CURRENTLY AVAILABLE GLIPTINS AND INCRETIN MIMETICS
Gliptins
Sitagliptin (Merck Sharp and Dohme Corp., approved as Januvia by US FDA in 2006)
Vidagliptin (Novartis, approved as Galvus by EU in 2007)
Saxagliptin (Bristol-Myers Squibb, approved as Onglyza by US FDA in 2010)
Linagliptin (Boerhinger Ingelheim, approved as Tradjenta by US FDA in 2011)
Alogliptin (developed by Takeda Pharmaceutical Company Limited, approved for use in Japan)
Dutogliptin (being developed by Phenomix Corporation)
Gemiglaptin (being developed by LG Life Sciences)
(Sitagliptin, Vidagliptin, Saxagliptin are approved for use in India)
Incretin mimetics
Exanatide (EliLilly, approved as Exanatide by US FDA in 2005)
Liraglutide (Novonordisk, approved as Victoza by US FDA in 2010)
(Exanatide, Liraglutide are approved for use in India)
CURRENT POSITION OF DRUGS THAT WORK ON THE INCRETIN AXIS IN THE MANAGEMENT OF T2DM
Amongst all currently available anti-diabetic agents, gliptins address most of the “pathogenetic octet” components of T2DM, as proposed by Ralf Dfranzo. They have found themselves occupying a unique position in the management of T2DM based on the fact that they are weight neutral (gliptins) or weight reducing (incretin mimetics) and virtually free of hypoglycemia. For this very reason, they are commonly advised as second-line therapy along with an insulin sensitizer.
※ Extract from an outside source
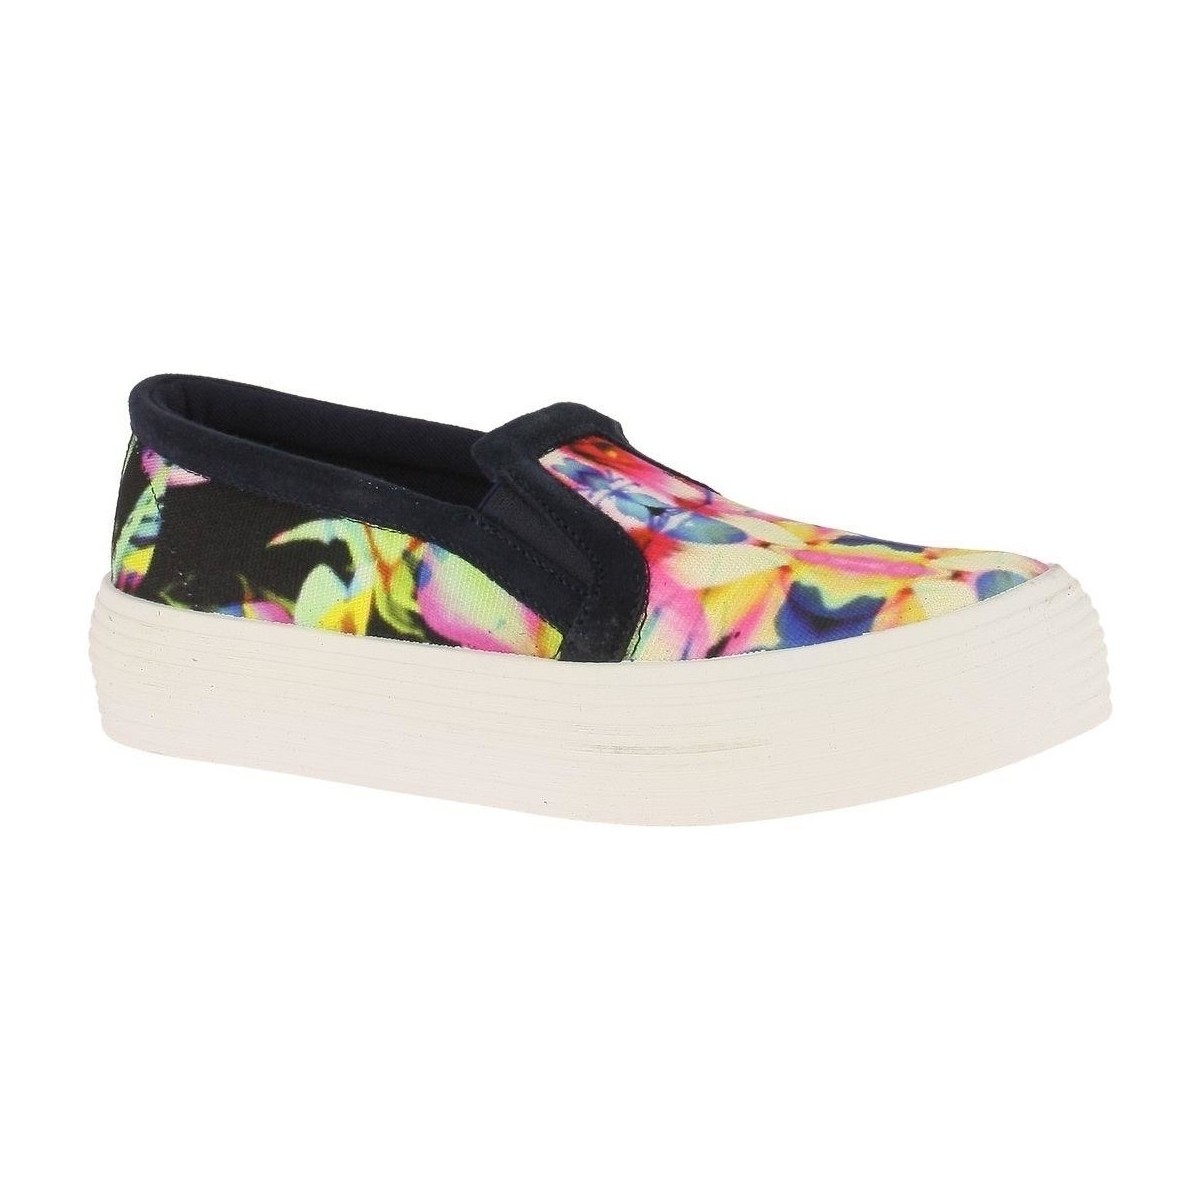 Chaussures Femme Baskets mode Sixty Seven HARA Multicolore

They are indicated and approved for use as follows:
First line in patients with HbA1c <7%
Second line as add-on therapy to pre-existing monotherapy (metfromin, SU, TZD, alpha-glucosidase inhibitor, miglitinide) for uncontrolled T2DM with HbA1c >7%. Caution is advised along with the use of SU, as it may potentiate its action and cause hypoglycemia. Dose titration of SU (reduce to half existing dose) is recommended when used along with gliptin or GLP-1 analogue.
Third line as add-on therapy to pre-existing dual combination therapy (metfromin, SU, TZD, alpha-glucosidase inhibitor, miglitinide).
NICE UK, recognizes the enormous potential of the drugs (weight neutral and virtually free of hypoglycemia) and states that the drugs should be continued as long as they can maintain an HbA1c reduction of greater than 0.5% over a 6-month period. This might change in the future assuming the profound non-glycemic benefits that they have shown to possess.[21–23]
PLEIOTROPIC EFFECTS
Cytoprotection
GLP-1R stimulation has been associated with cytoprotection and anti-apoptosis in all tissue types bearing the receptor. The trophic actions are probably mediated via protein kinase A (PKA) and phosphoinositide 3-kinase (PI3K) signaling. GLP-1R stimulation has been associated with suppression of pro-apoptotic protein, Bax, and stimulation of anti-apoptotic protein, Bcl-2; thereby favorably modifying the Bax/Bcl-2 ratio, supporting cell survival. Pancreas, brain and heart have been shown to express exactly the same GLP-1R type and it would only be appropriate to suggest that the cytoprotective benefit would in least extend to these tissue types as they bear the same receptor type.[24–26]
CARDIOVASCULAR EFFECTS
Both intact GLP-17-36 amide and GLP-19-36 amide have demonstrated GLP-dependent cardioprotective effects in preclinical studies. Studies have also demonstrated cardioprotective effects following use of GLP-1R agonists in GLP-1R knockout mice [Glp1r(–/–)] suggesting GLP-1 independent effects. Furthermore, mice lacking the GLP-1R were reported to have lower heart rates, worse left ventricular (LV) diastolic function, greater LV wall thickening, and impaired LV contractile function.[27–29]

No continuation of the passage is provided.